Twelve Oregon non-profits received grants amounting to over $5 million:
- The African Youth & Community Organization (AYCO): The grant funding will serve victims of domestic violence, sexual assault, and hate crimes for the North African refugee community in the Portland metro area and in Ontario, Oregon.
- Muslimahs United: The grant funding will serve Muslim women with a focus on Muslim women of color who are victims of domestic violence, sexual assault, hate crimes, stalking and general victimization in the Portland Metro area.
- Bridges Oregon: The grant funding will serve victims of domestic violence, sexual assault, stalking, hate and bias, child abuse and general victimization who are Deaf, Deafblind, or Hard of Hearing across Oregon.
- Disability Rights Oregon: The grant funding will support victims of domestic violence, sexual assault, hate and bias, stalking, child abuse and all other types of criminal victimization, for people with disabilities of all ages, across Oregon.
- El Programa Hispano Católico: The grant funding will expand access to advocacy and mental health care for Latinx and Indigenous victims of domestic violence and sexual assault in the Portland metro area.
- Raphael House of Oregon: The grant funding will expand services for Latinx survivors of domestic violence, sexual assault, stalking and child abuse in the Portland metro area.
- Center for Hope and Safety: The grant funding will expand services for Latinx, undocumented Oregonians, immigrants, migrant farm workers, asylum seekers and refugees who are victims of sexual assault and stalking in the Mid-Willamette Valley region.
- Bradley Angle: The grant funding will expand services for lesbian, gay, bisexual, transgender, intersex, queer, asexual and two-spirit + victims of domestic violence in the Portland metro area and across Oregon.
- Northwest Family Services: The grant funding will serve Latinx victims of domestic violence in the Portland metro region by supporting Casa Esperanza, Northwest Family Services’ Latinx domestic violence shelter with a day/night shelter advocate and an outreach and education advocate.
- Ecumenical Ministries of Oregon/Russian Oregon Social Services: The grant funding will expand services to Russian speaking immigrants and refugees who are victims of domestic violence or sexual assault within the Portland Metro area.
- Lutheran Community Services Northwest: The grant funding will support immigrant and refugee victims of domestic violence, sexual assault, stalking, hate and bias, child abuse and general victimization in the Portland metro region.

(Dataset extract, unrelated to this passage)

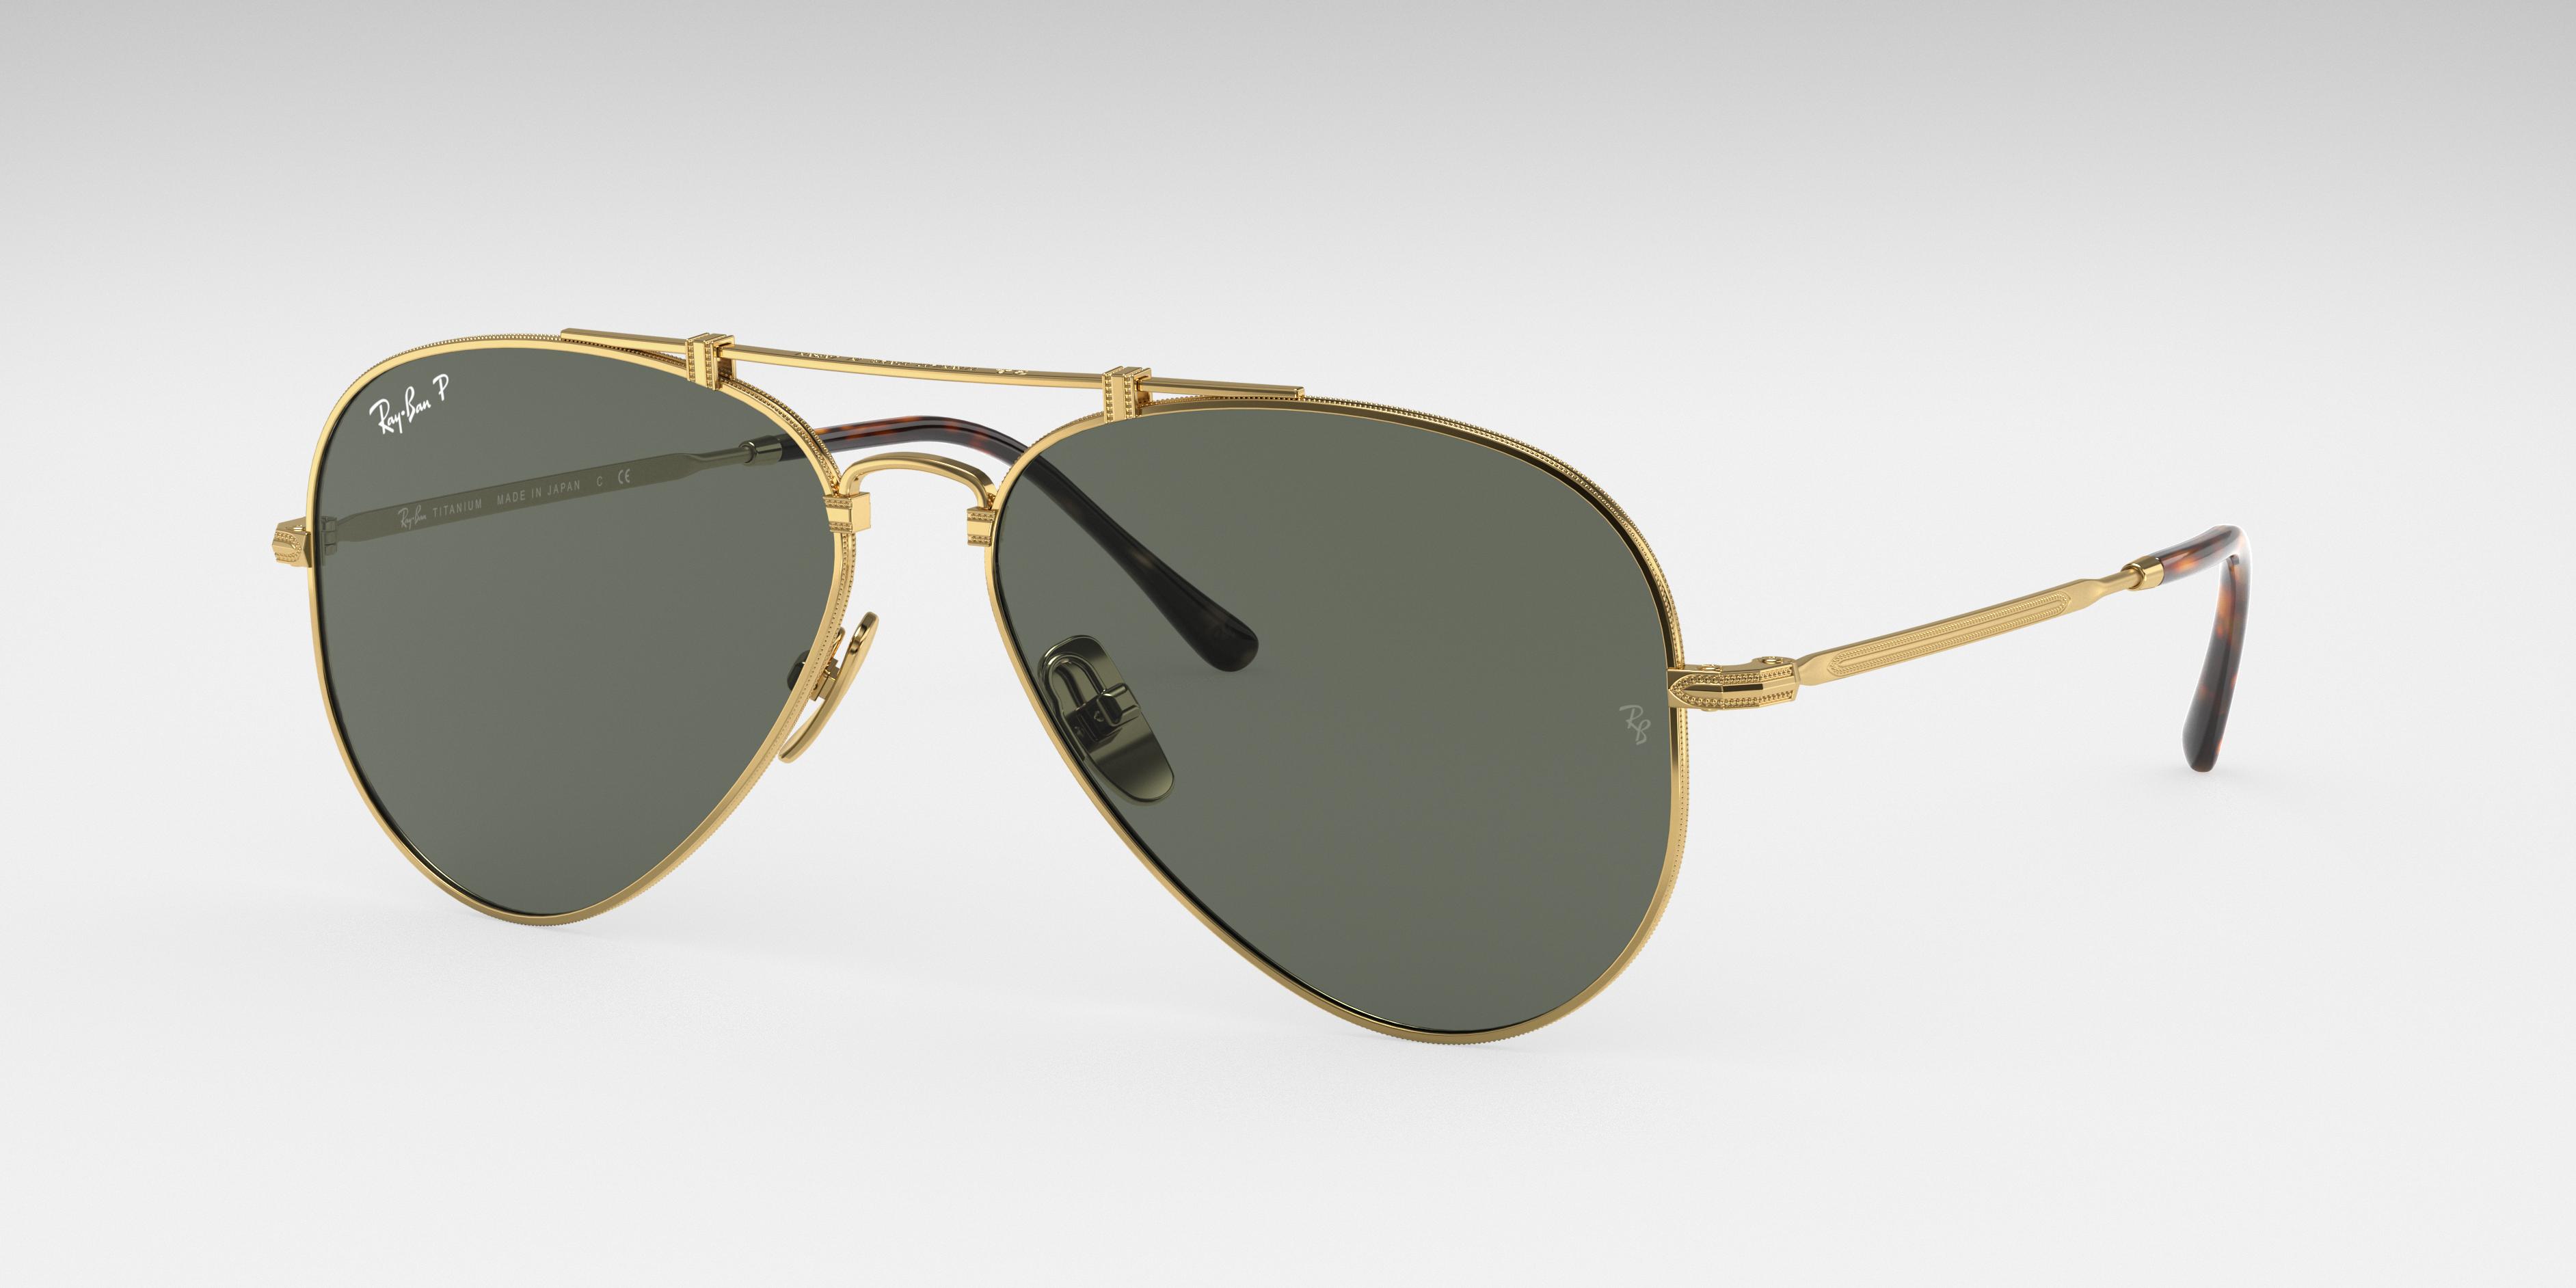 Ray-Ban Aviator Titanium Gold, Polarized Green Lenses - RB8125M

- Oregon Abuse Advocates & Survivors in Service: The grant funding will focus on Black and African American adult survivors of child sexual assault within the Portland metro and Willamette Valley regions.
“I am genuinely hopeful that with the recommendations in the report of the Community Conversations—and these grants—DOJ will move further along the path to holistically address issues of access, discrimination, bias and hate throughout Oregon,” said AG Rosenblum.
The Attorney General thanked DOJ Civil Rights Director Fay Stetz-Waters, DOJ Bias Response Coordinator Johanna Costa, CVSSD Grant Fund Coordinator Benjamin Bradshaw, and CVSSD Director Shannon Sivell for their work facilitating the conversations and preparing the report.
The Oregon Department of Justice is led by Attorney General Ellen Rosenblum and serves as the state’s law firm.